►
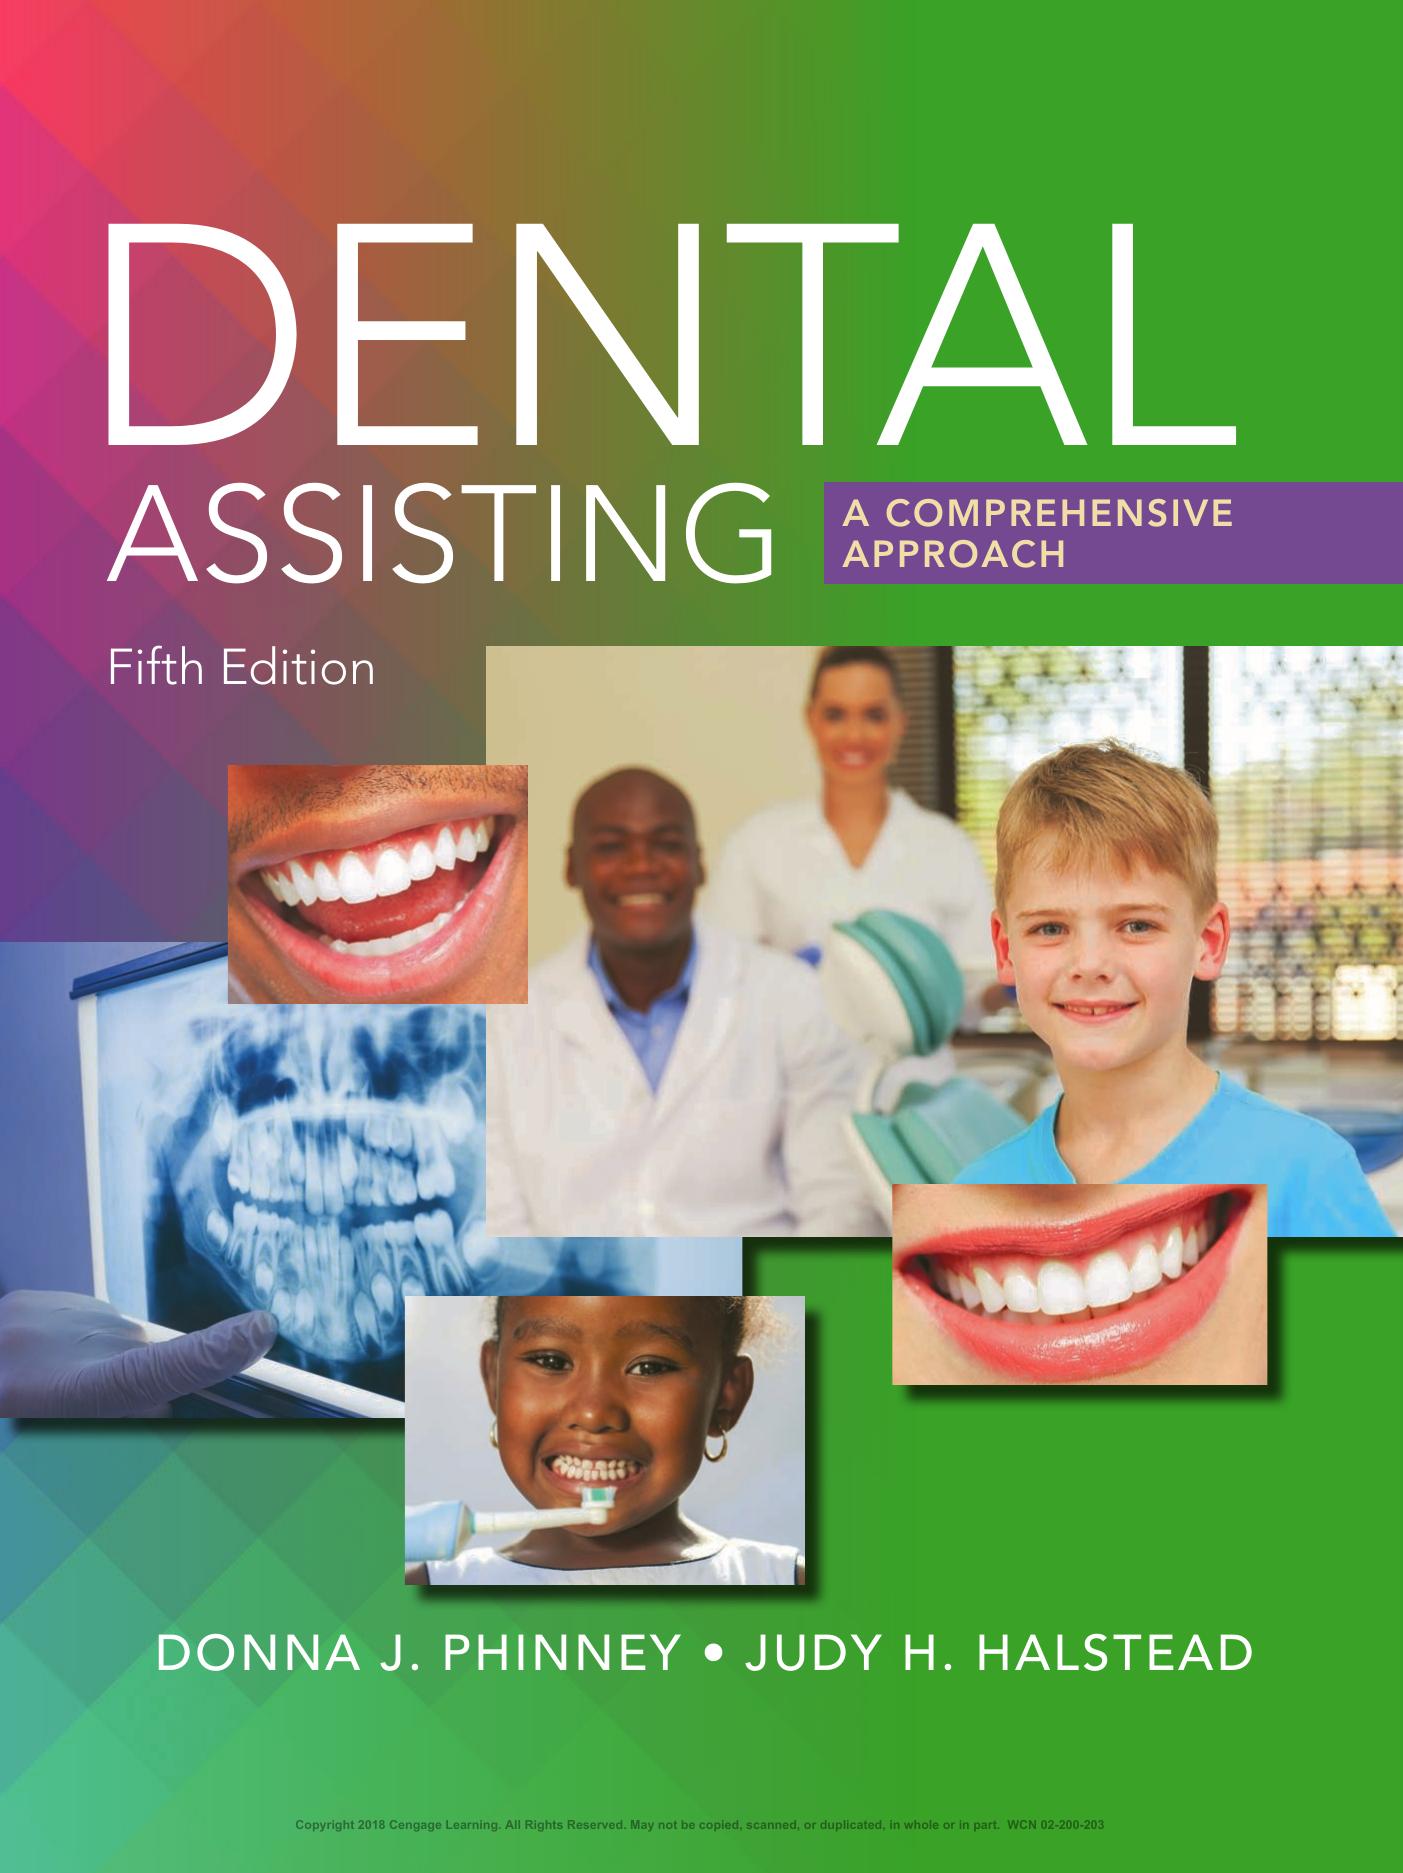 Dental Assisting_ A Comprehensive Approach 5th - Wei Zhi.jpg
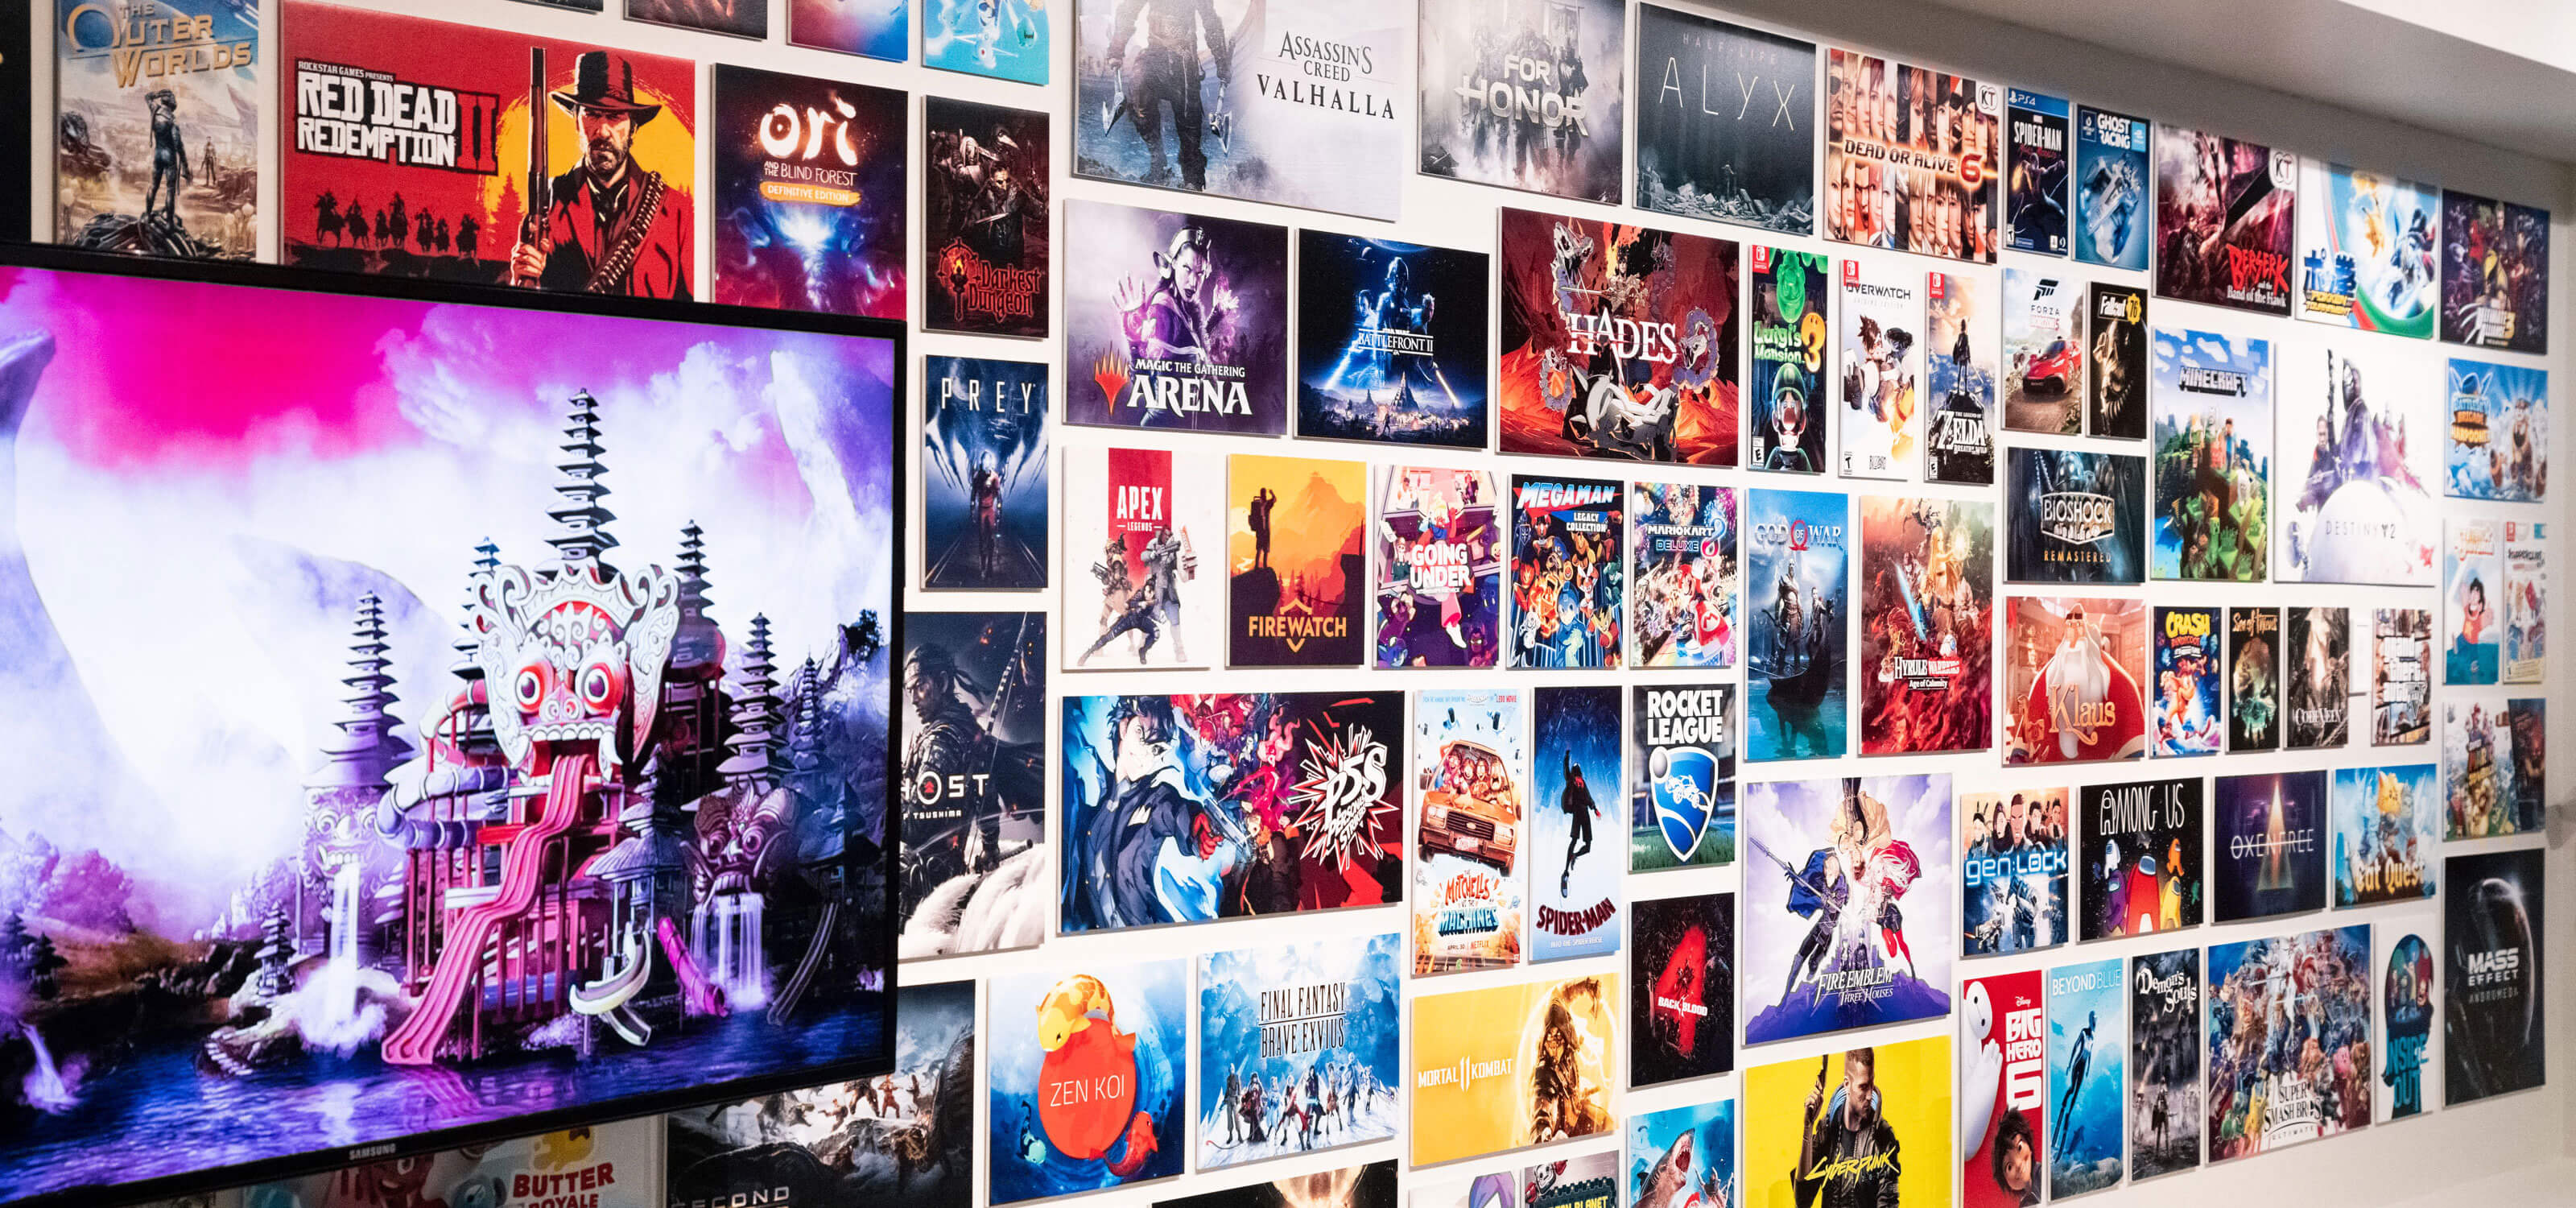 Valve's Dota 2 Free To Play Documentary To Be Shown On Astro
◄
►
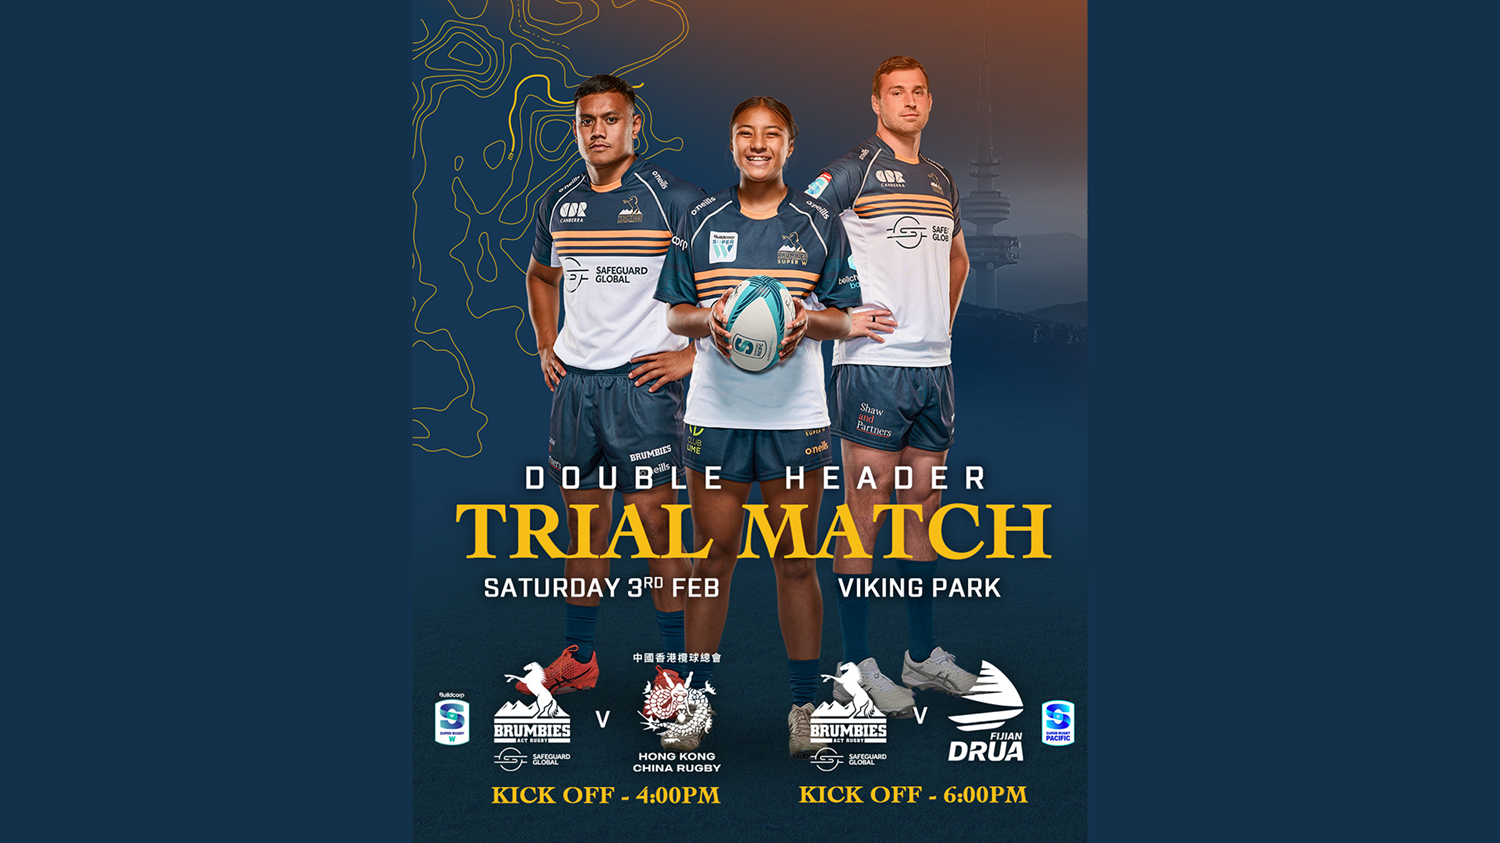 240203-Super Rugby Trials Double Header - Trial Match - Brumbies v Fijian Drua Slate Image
◄
►
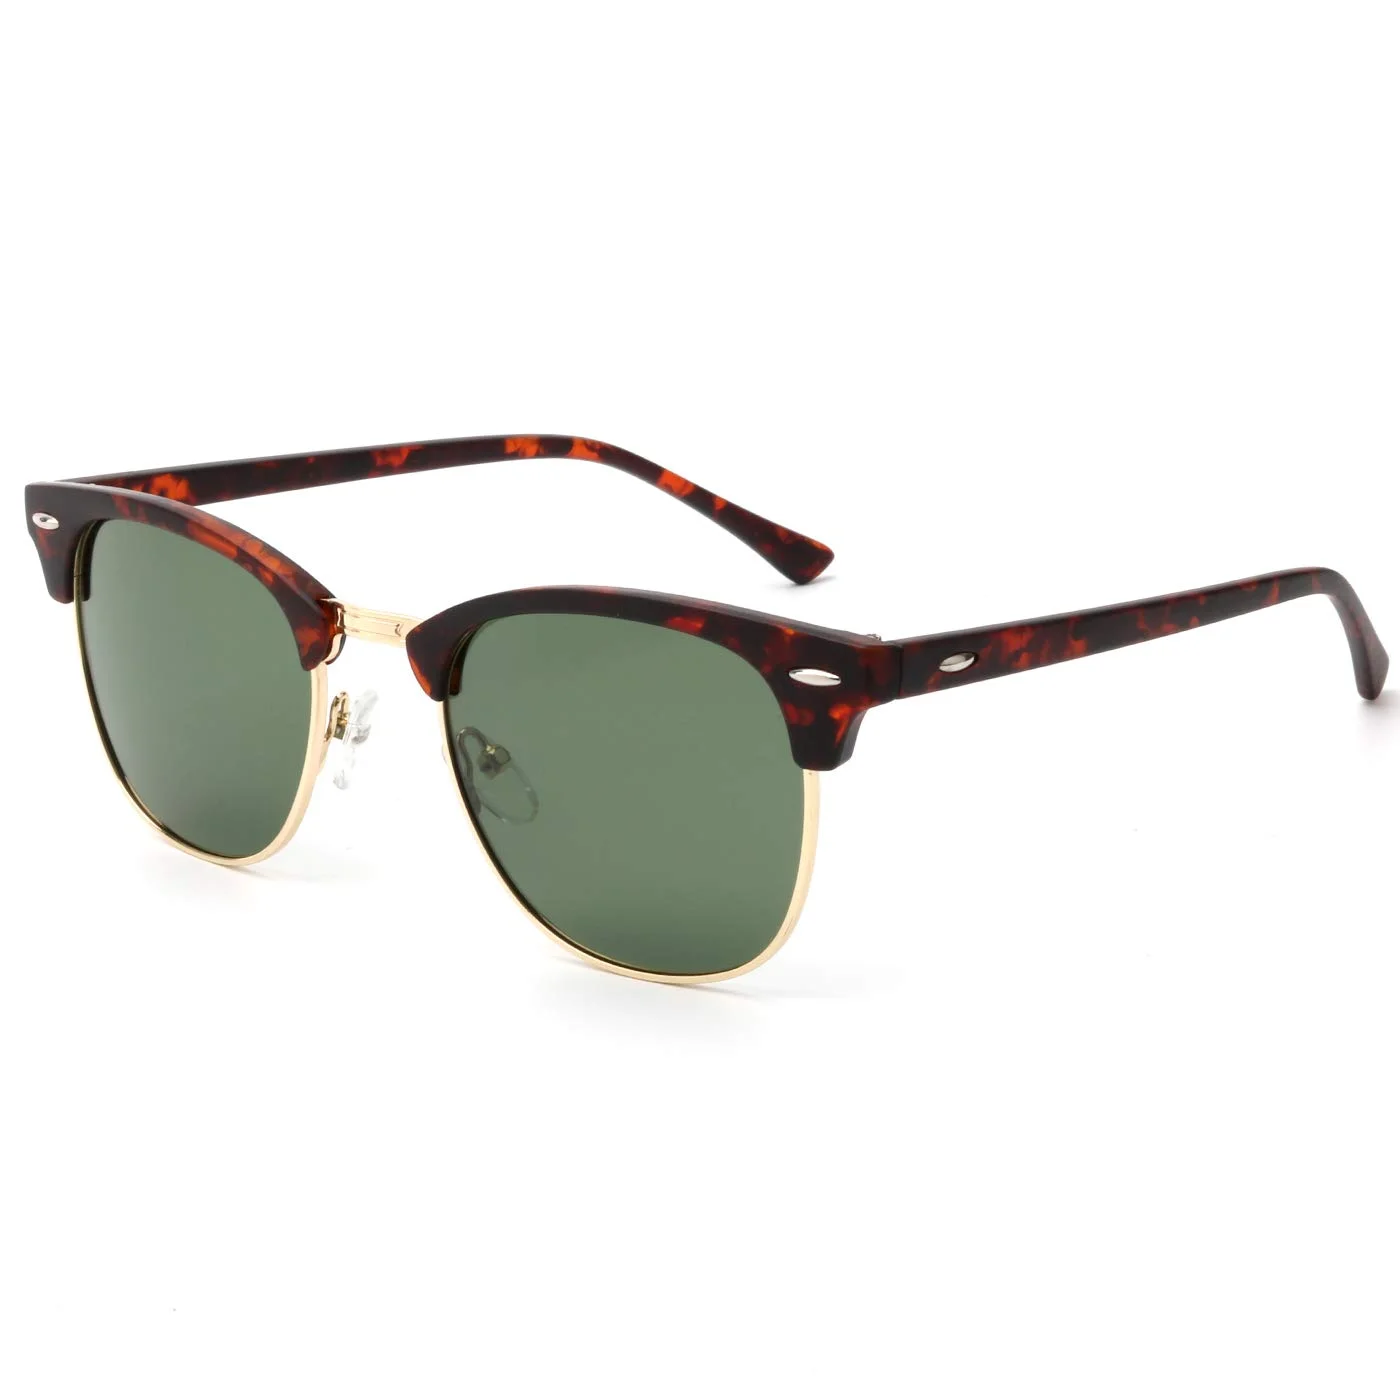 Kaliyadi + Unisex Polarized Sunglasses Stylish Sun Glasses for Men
◄
> [Exercise aim] Above are the records. Copy word for word only their lines from the one holding "Dental Assisting_ A" through the one holding "Valve's Dota 2", both included, and skip the images.

> [Reply]
 Dental Assisting_ A Comprehensive Approach 5th - Wei Zhi.jpg
 Valve's Dota 2 Free To Play Documentary To Be Shown On Astro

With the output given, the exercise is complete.